- The adoption of autonomous vehicles will depend on trust, control, usefulness, and enjoyment.
- People who enjoy driving and independent control will be less likely to adopt self-driving cars.
- The shift to self-driving cars may lead to lower cognitive or coordination skills and spatial memory.
Autonomous vehicles (AVs) including artificial intelligence AI-powered driverless or self-driving cars have received significant attention as a potentially safer and more sustainable mode of transport. Some researchers believe that by 2050, highways will be unmanned and the global market for self-driving cars will reach about 400 billion U.S. dollars. Even though autonomous vehicles may be increasingly technologically advanced for widespread adoption, people may not be psychologically prepared for this change. As a result, some experts believe they will not become popular in the market until 2040 at the earliest or even later in 2060.

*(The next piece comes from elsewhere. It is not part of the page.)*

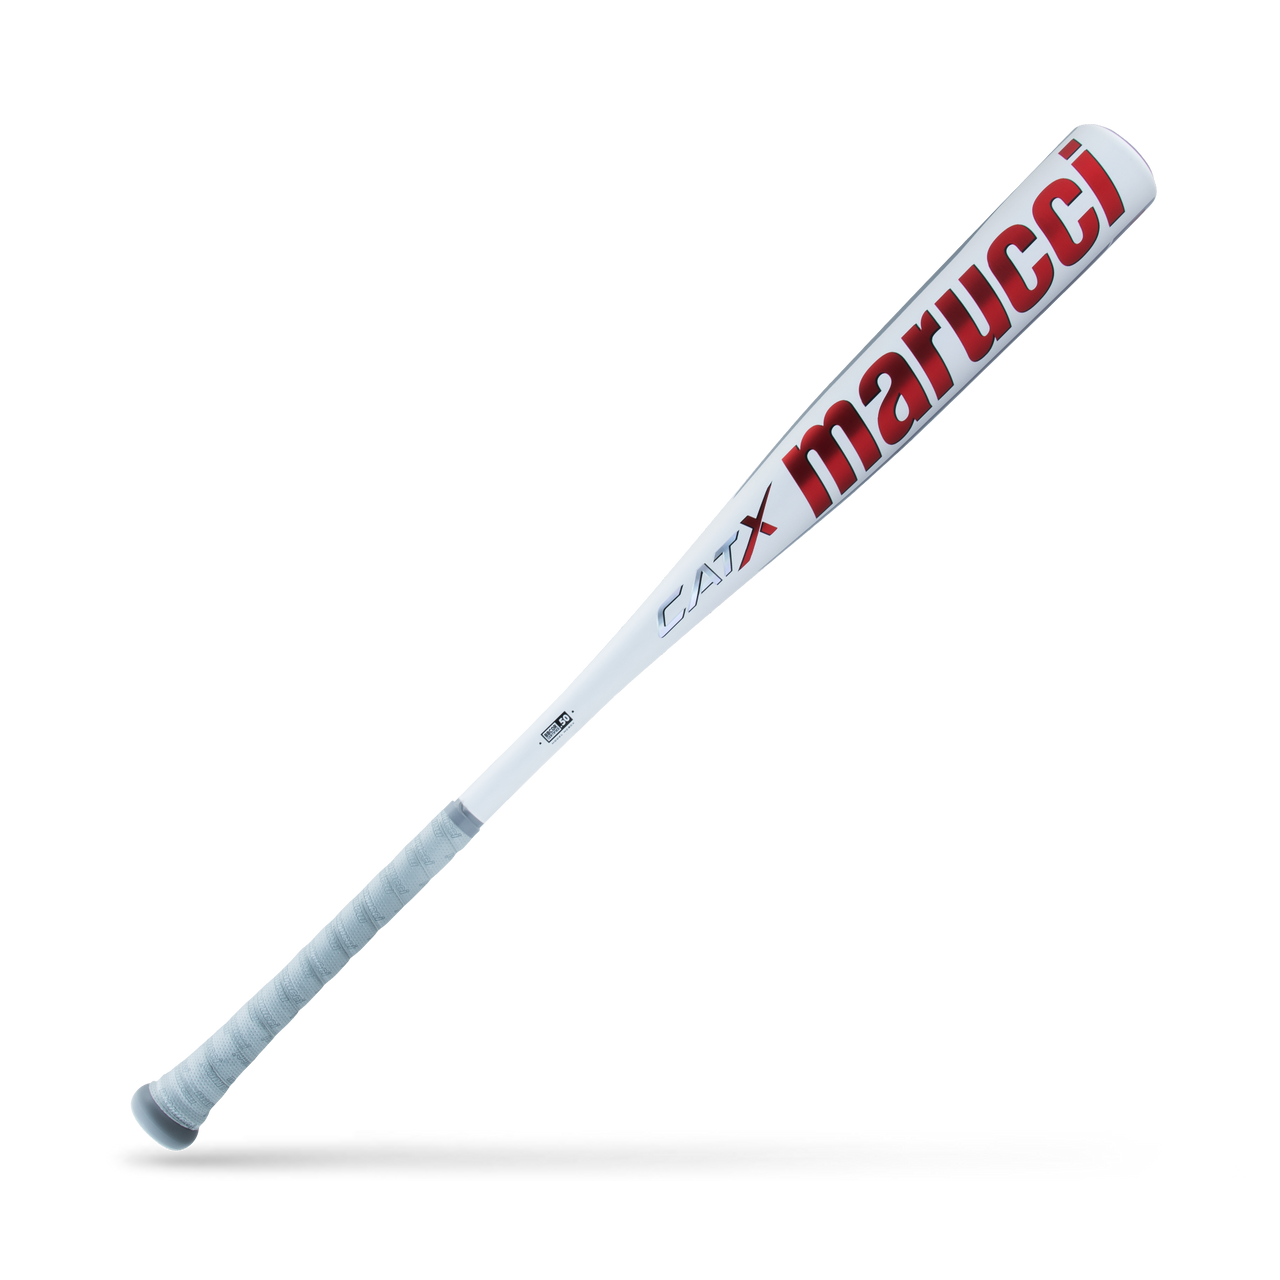 Marucci CATX (-3) BBCOR Baseball Bat: MCBCX

Automated vehicles hold the promise to make driving less tiring, more convenient, and safer, but there are several psychological barriers that will influence the adoption of self-driving cars as well as potential psychological effects if they are adopted more widely.
New research suggests that people who enjoy driving or have a mistrust of AI are least likely to relinquish driving to autonomous vehicles. The group that is most likely to adopt self-driving cars are those who expect it to be an enjoyable and convenient experience. There are additional safety issues, such as the fact that people feel safer and prefer when they are able to take over control of the vehicle if it malfunctions.
There are six levels of autonomous driving as defined by the SAE International (formerly Society of Automotive Engineers):
- Level 0: No Driving Automation
- Level 1: Driver Assistance (e.g., radar-based cruise control)
- Level 2: Partial Driving Automation — driving mode controls acceleration/deceleration and steering, but human controls dynamic aspects like changing lanes or turning
- Level 3: Conditional Driving Automation — automated driving system that monitors the environment, but expects human to respond if there is a request to intervene
- Level 4: High Driving Automation — system controls all aspects of driving including if driver does not respond appropriately to request to intervene
- Level 5: Full Driving Automation — full-time automated driving system with no expectation of human intervention
Researchers use varying technology acceptance models to determine whether self-driving cars will be accepted. These models examine variables like intention to use, emotional state, attitude, perceived usefulness, and perceived ease of use. These models are limited because they rely on people being able to imagine and report a future expected emotional experience of an autonomous vehicle.
There are also additional methods to measure the user experience of self-driving cars such as using biosensors to measure heart rate, muscle activity, eye movements, and brain waves on electroencephalography (EEG) of passengers during real-world or virtual reality simulations. One exploratory study of 38 participants used a real-world environment and compared the physical reactions of people in self-driving cars to being driven by a human in the same car. There were no differences between stress signals ("arousal"), but eye movements were different. Autonomous vehicle passengers showed much less variable eye movements. Expanding this area of research will shed light on the user experience of autonomous vehicles.
There are four main categories of psychological barriers to autonomous vehicles.
1. The Role of Trust
Trust is a major factor that determines whether people intend to use self-driving cars. One recent study found that people were more likely to feel safe as a passenger in the car of a human defensive driver than an autonomous vehicle, even though the driving behavior in the simulator was the same.
This raises the broader question of how to enhance trust with autonomous vehicles and AI. Trust is influenced by media portrayal of autonomous vehicles and AI more broadly. As people become more acclimated to AI as part of daily life, the acceptance of AI as part of the driving experience will likely increase.
2. Sense of Agency and Control
The sense of control associated with driving oneself will be challenging for some people to let go. People who feel independence and agency from driving may not readily hand this control over to an automated system, even if it is technically safer or more efficient.
People may be more willing to ease into a world of autonomous vehicles by adopting Level 3 or Level 4 automated vehicles, which collaborate with a human driver. But this will raise separate issues, such as research findings that cognitive awareness needed to supervise an automated car wanes with time. During the crossover transition period, there may be more traffic issues because humans currently maneuver based on anticipating how other humans drive, not automated systems.
There are also downstream effects of giving up driving control to full automation. Without driving, people will lose the cognitive, coordination, and spatial skills that come with driving. This will be similar to what has happened with spatial navigation. Researchers have confirmed that the increasing reliance on GPS systems for navigation has led to lower spatial memory and less ability to navigate independently.
3. Productivity and Usefulness
People who perceive autonomous vehicles to be useful will be most motivated to adopt them. Those who will prefer to use that driving time more productively doing other things will find self-driving cars more convenient and useful.
4. The Enjoyment Factor
Finally, enjoyment is an important factor. People who enjoy driving are least likely to transition to self-driving cars. Novelty-seekers who anticipate the experience of being in a self-driving car to be fun and entertaining will most likely be early adopters. However, it is unclear if enjoyment alone will be enough to overcome these other psychological barriers. The experience needs to be enjoyable beyond a one-time motivation from the novelty of a new experience in order to be sustained.